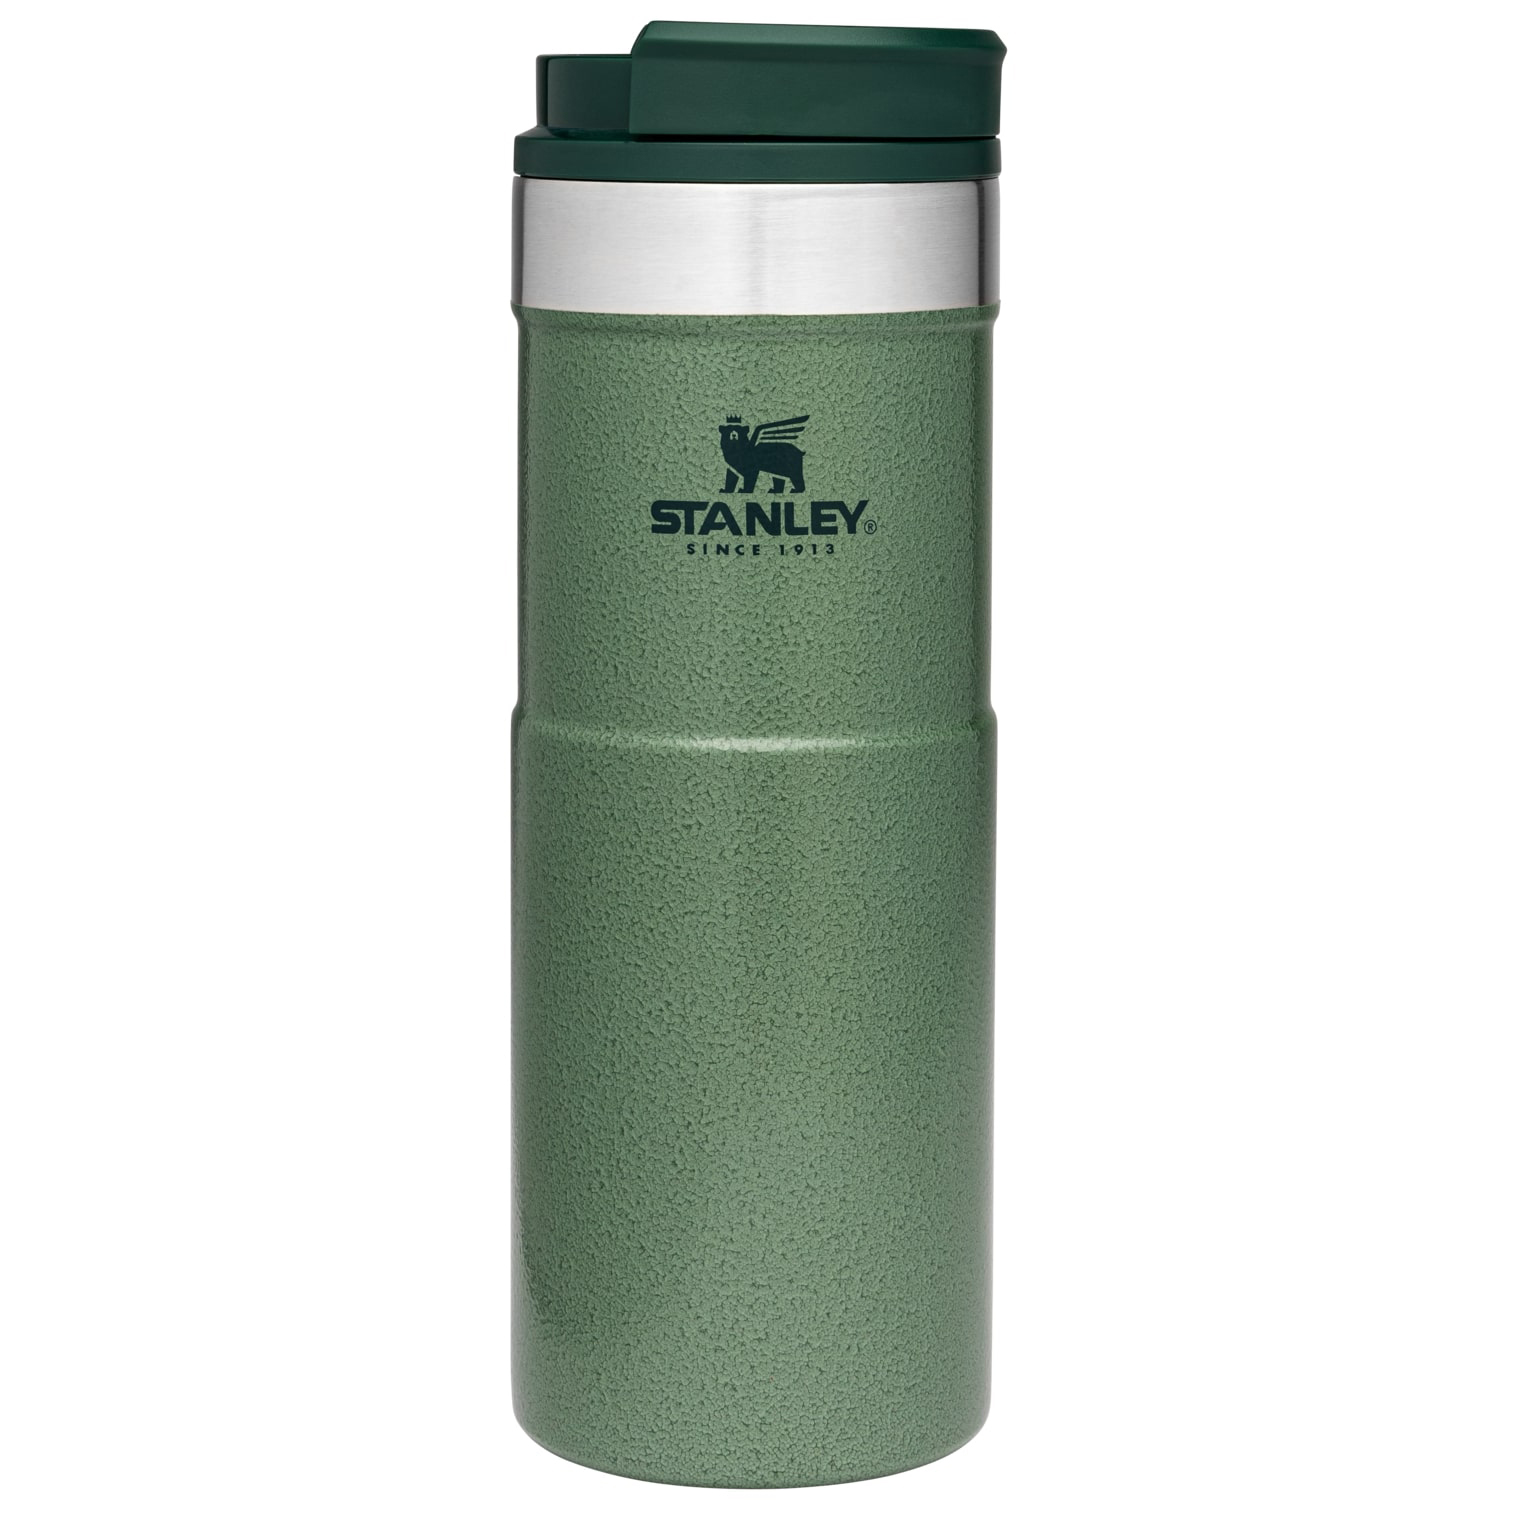 Stanley Classic The NeverLeak Travel Mug 16oz - 0.47L
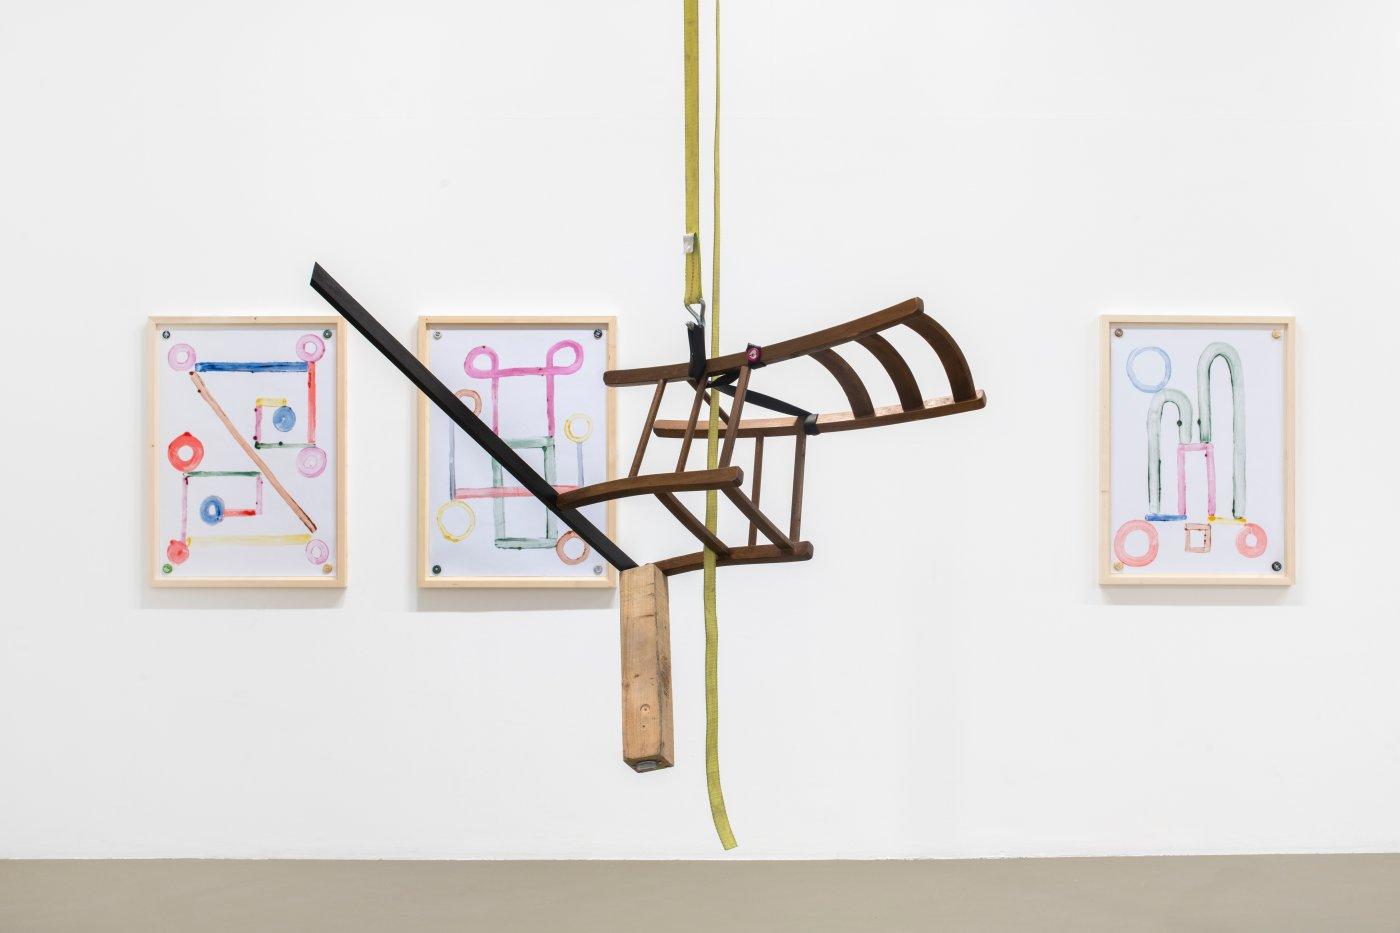 Galerie Chantal Crousel Abraham Cruzvillegas 5
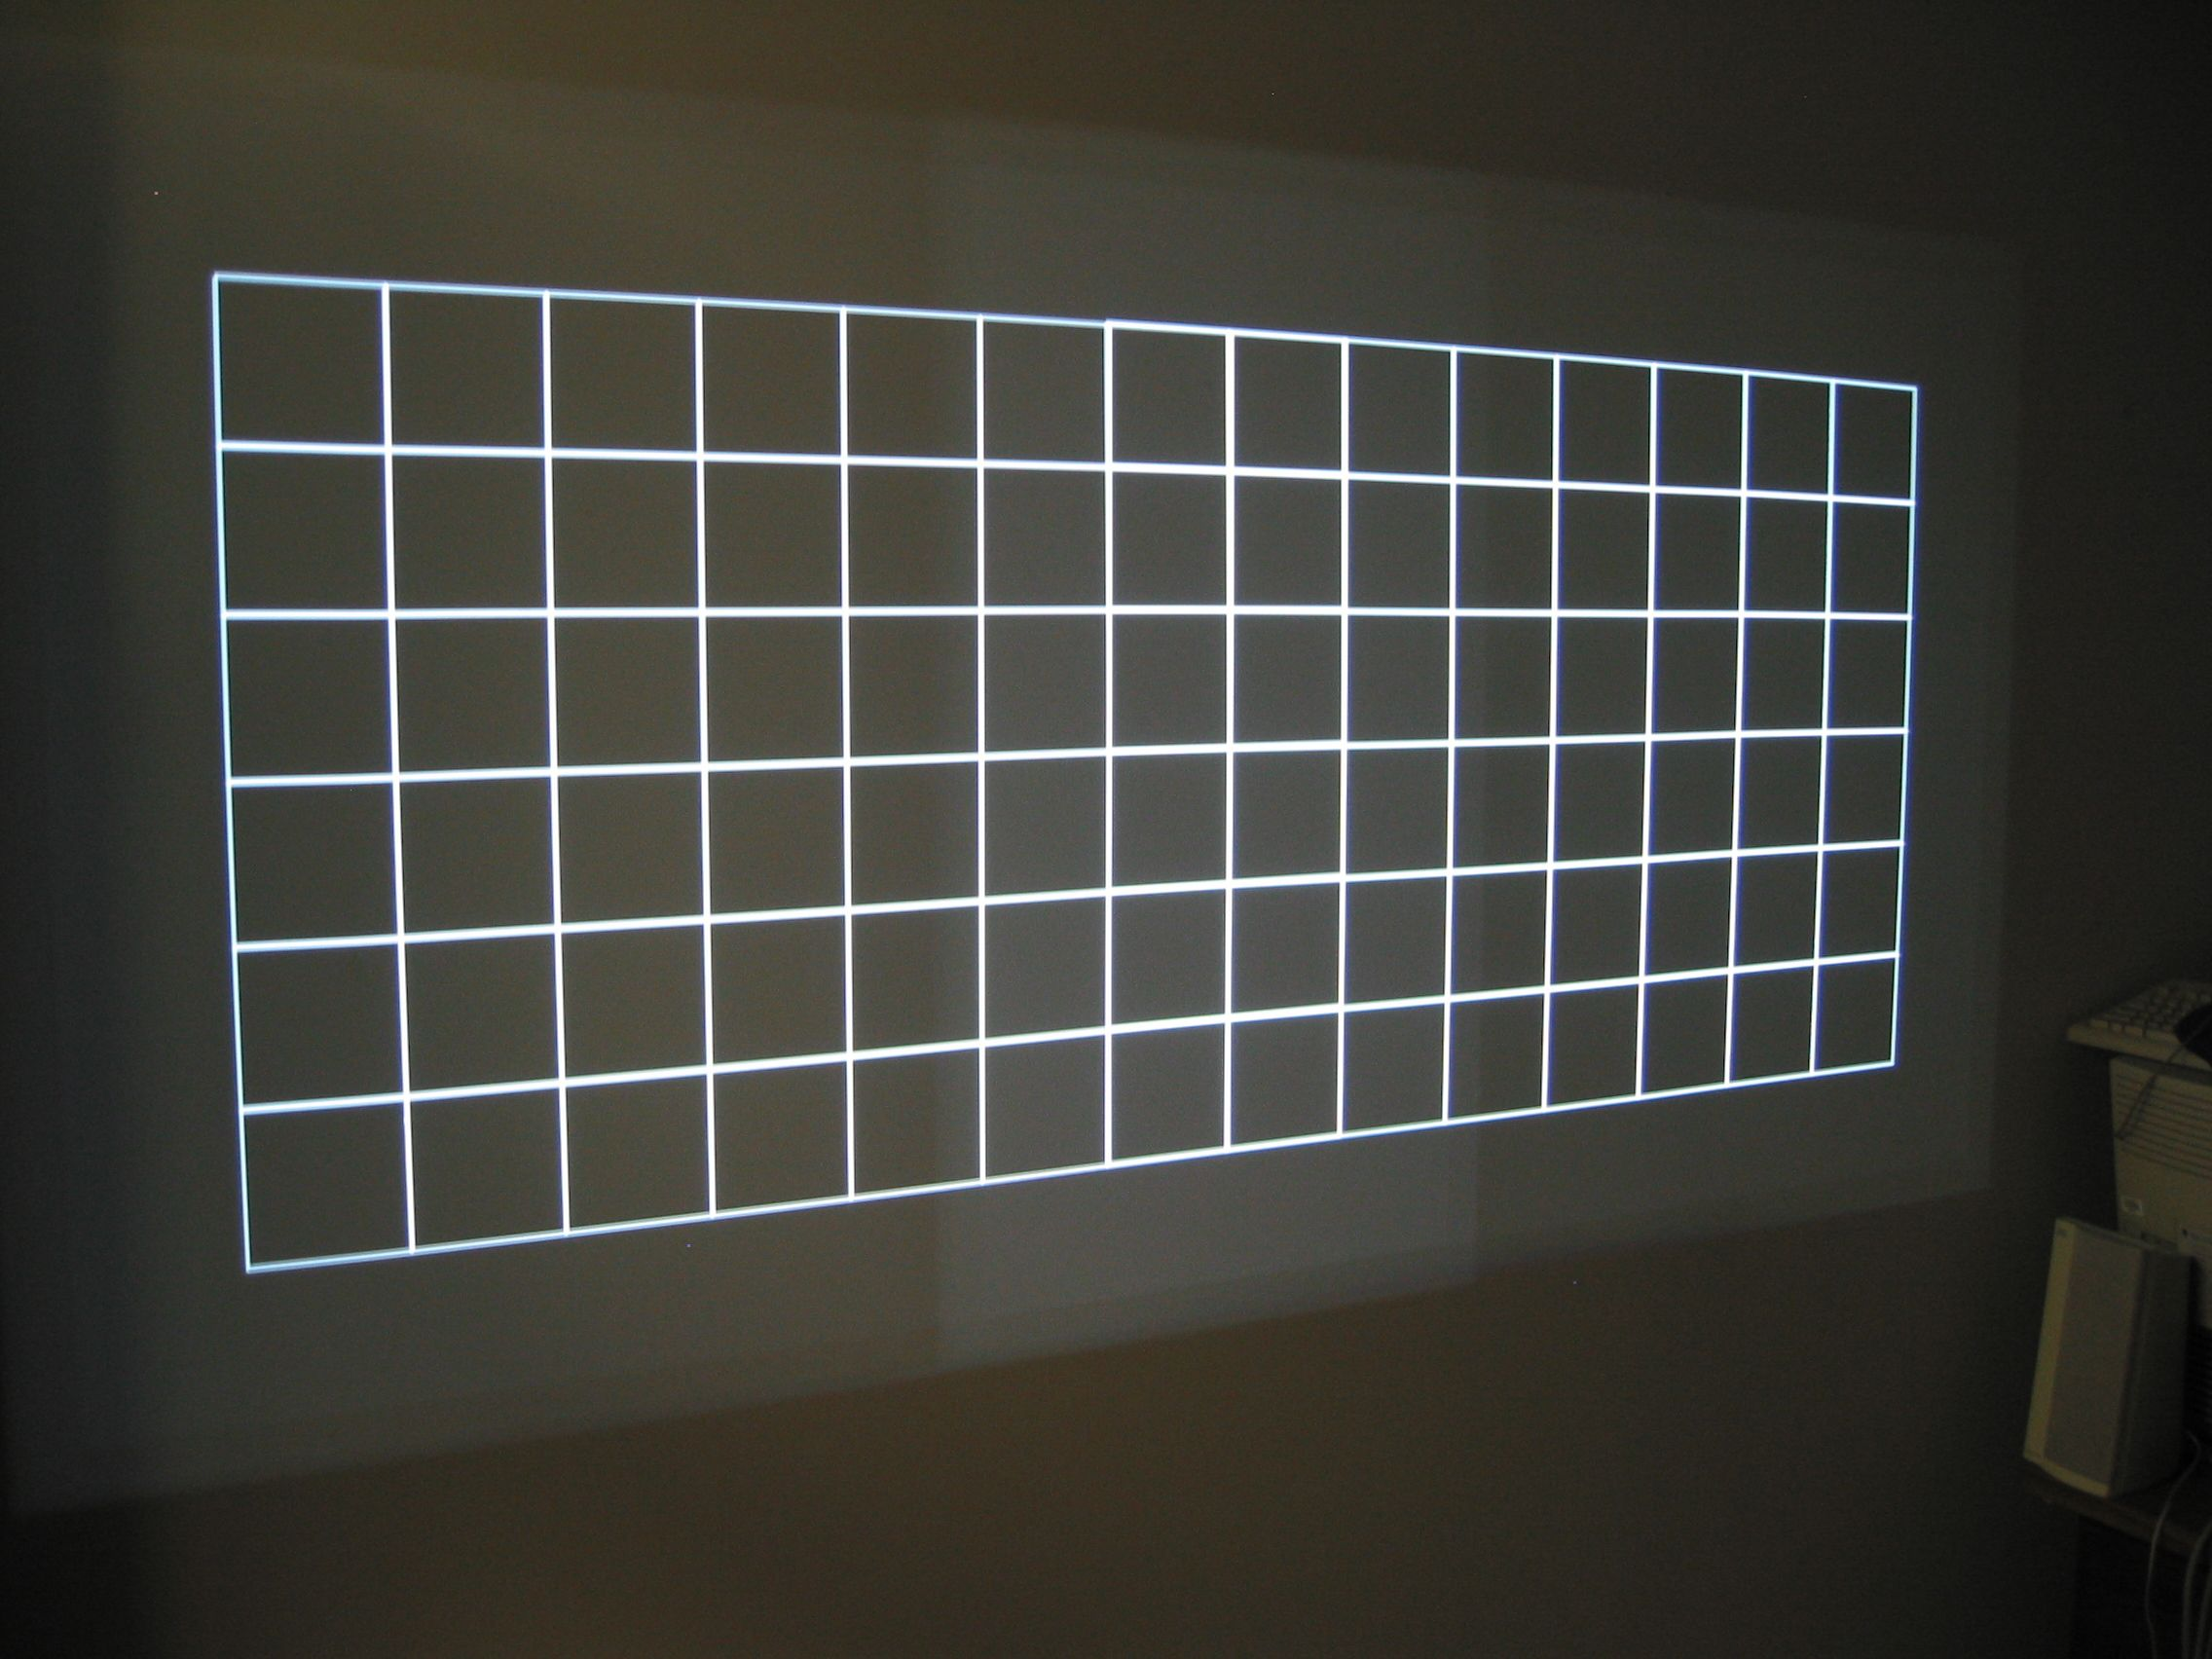 Edge blending using commodity projectors

● **What is expected**
I'd like the material above repeated exactly, with the pictures omitted.

● **Answer section**
 Stanley Classic The NeverLeak Travel Mug 16oz - 0.47L
 Galerie Chantal Crousel Abraham Cruzvillegas 5
 Edge blending using commodity projectors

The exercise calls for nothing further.